This section discusses the segmentation models for lung cancer in depth. The underlying functions of the proposed models are also described. The U-Net technique is the basis for the proposed models; it has demonstrated usefulness in medical image segmentation. A U-Net model is fed the CT and PET scan data. During the decoder step, further improvement is performed in the model’s recognition of the input image features by creating dense connections across layers in the same input branch of the U-Net.

The proposed architecture for lung cancer segmentation is shown in Figure 1. Figure 1 depicts the three main stages of our framework: (1) image pre-processing, (2) multimodality U-Net segmentation, and (3) medical image post-processing. The pre-processing, augmentation, and post-processing methods are discussed in the following subsections.

3.1. Image Processing

3.1.1. Image Pre-Processing

The intensity levels of the image’s pixels were normalized. In addition to resizing each image, the pixel scale value was changed from (0–255) to (0–1) to reduce the level of complexity of the images. To simplify model training, we decreased the resolution of the CT and PET scans in the dataset to 256 × 256 pixels. The dataset was divided as follows, at random: 46 examples were used for training, and another 5 were used for testing.

3.1.2. Data Augmentation

The CT-PET images were augmented throughout this phase to prevent overfitting, which helps in enhancing the performance of the model. In addition, the implementation of augmentation techniques, such as random rotations, flips, and cuts, can enhance the model’s ability to maintain invariance towards variations in feature position and orientation within the image. This feature proves to be particularly advantageous when working with real-world images that may exhibit variations in object orientation or spatial arrangement. Images are augmented in three ways, as shown in Figure 2: rotating the CT-PET by 90 degrees clockwise (2b), flipping the CT-PET upside down (2c), and left-mirroring the CT-PET (2d).

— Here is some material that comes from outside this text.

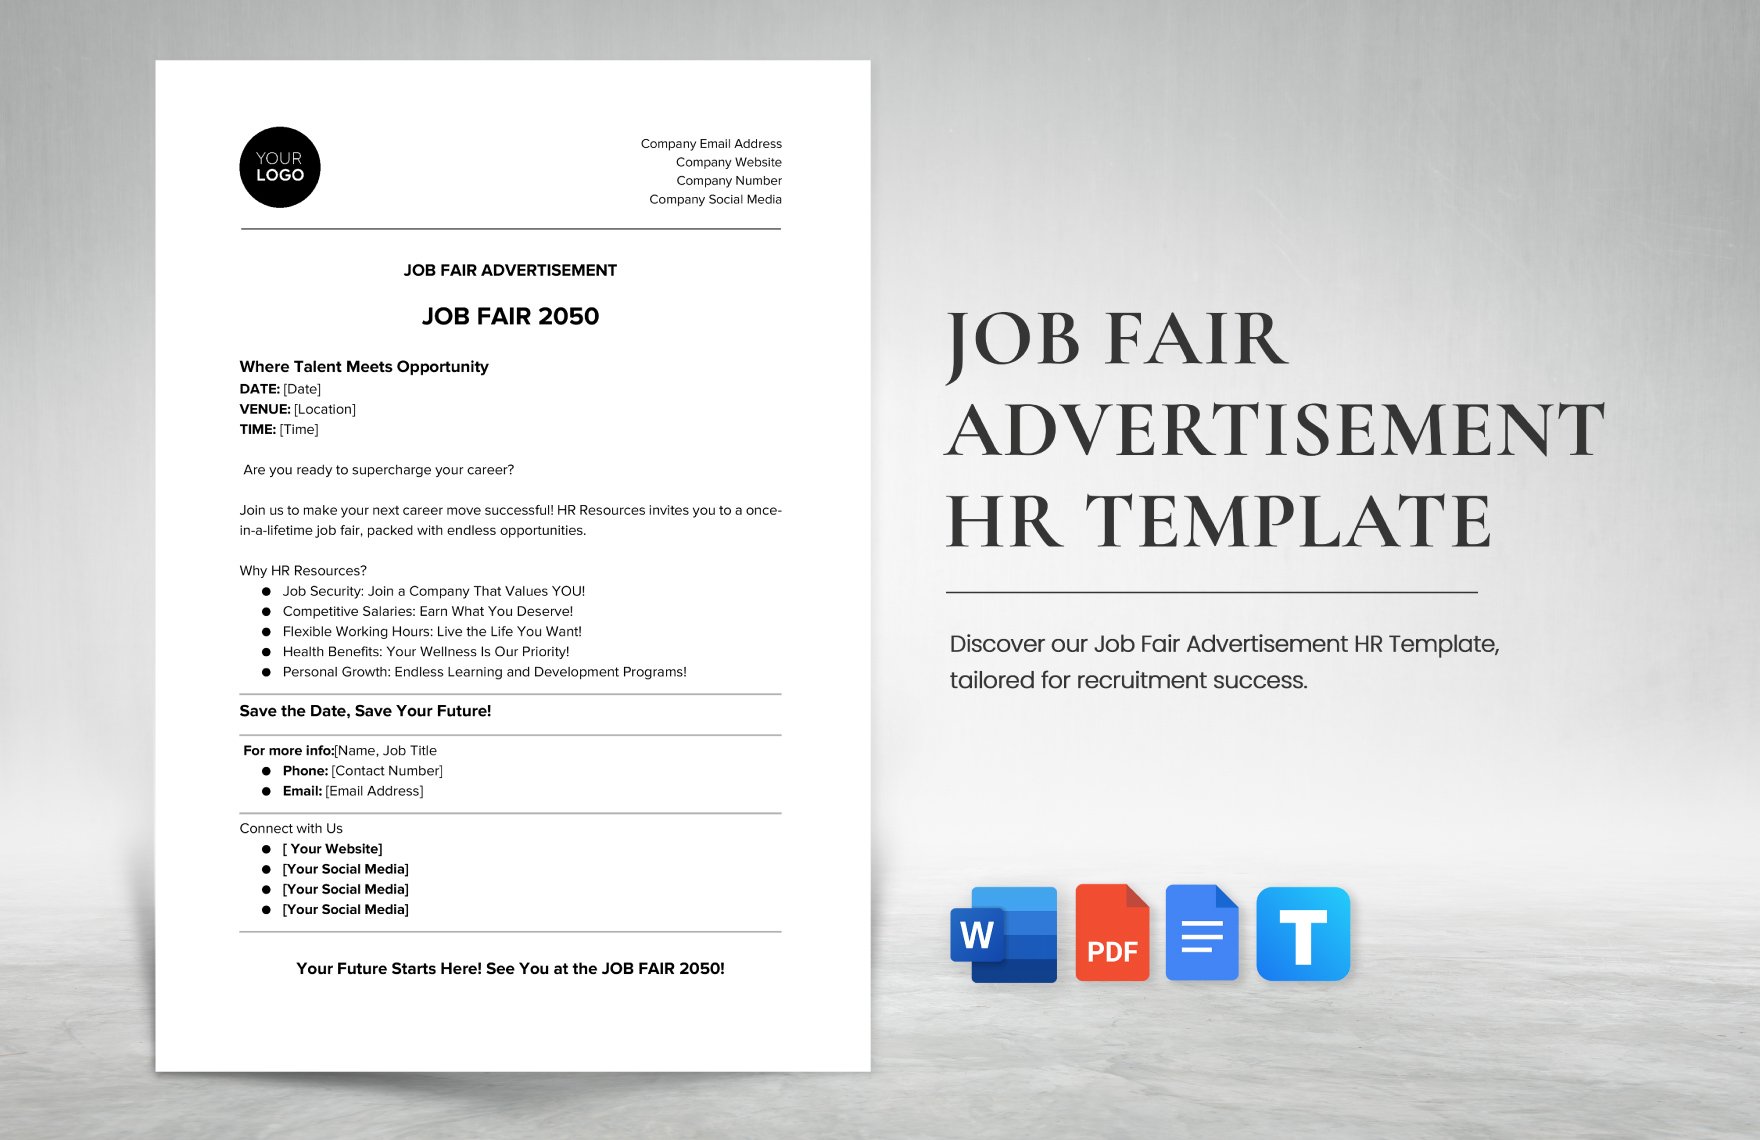 Job Fair Advertisement HR Template

3.1.3. Image Post-Processing

The suggested framework’s ultimate stage used a morphological change and a basic thresholding technique. To lessen the impact of noise, a morphological gradient accounted for the structure of the input picture. Its effect is analogous to the difference between expanding and contracting an image.

While Equation (1) defines dilation [21] as the process of removing pixels (noises) from object boundaries, Equation (2) describes erosion [22] as the process of adding pixels (negative noises) to object boundaries.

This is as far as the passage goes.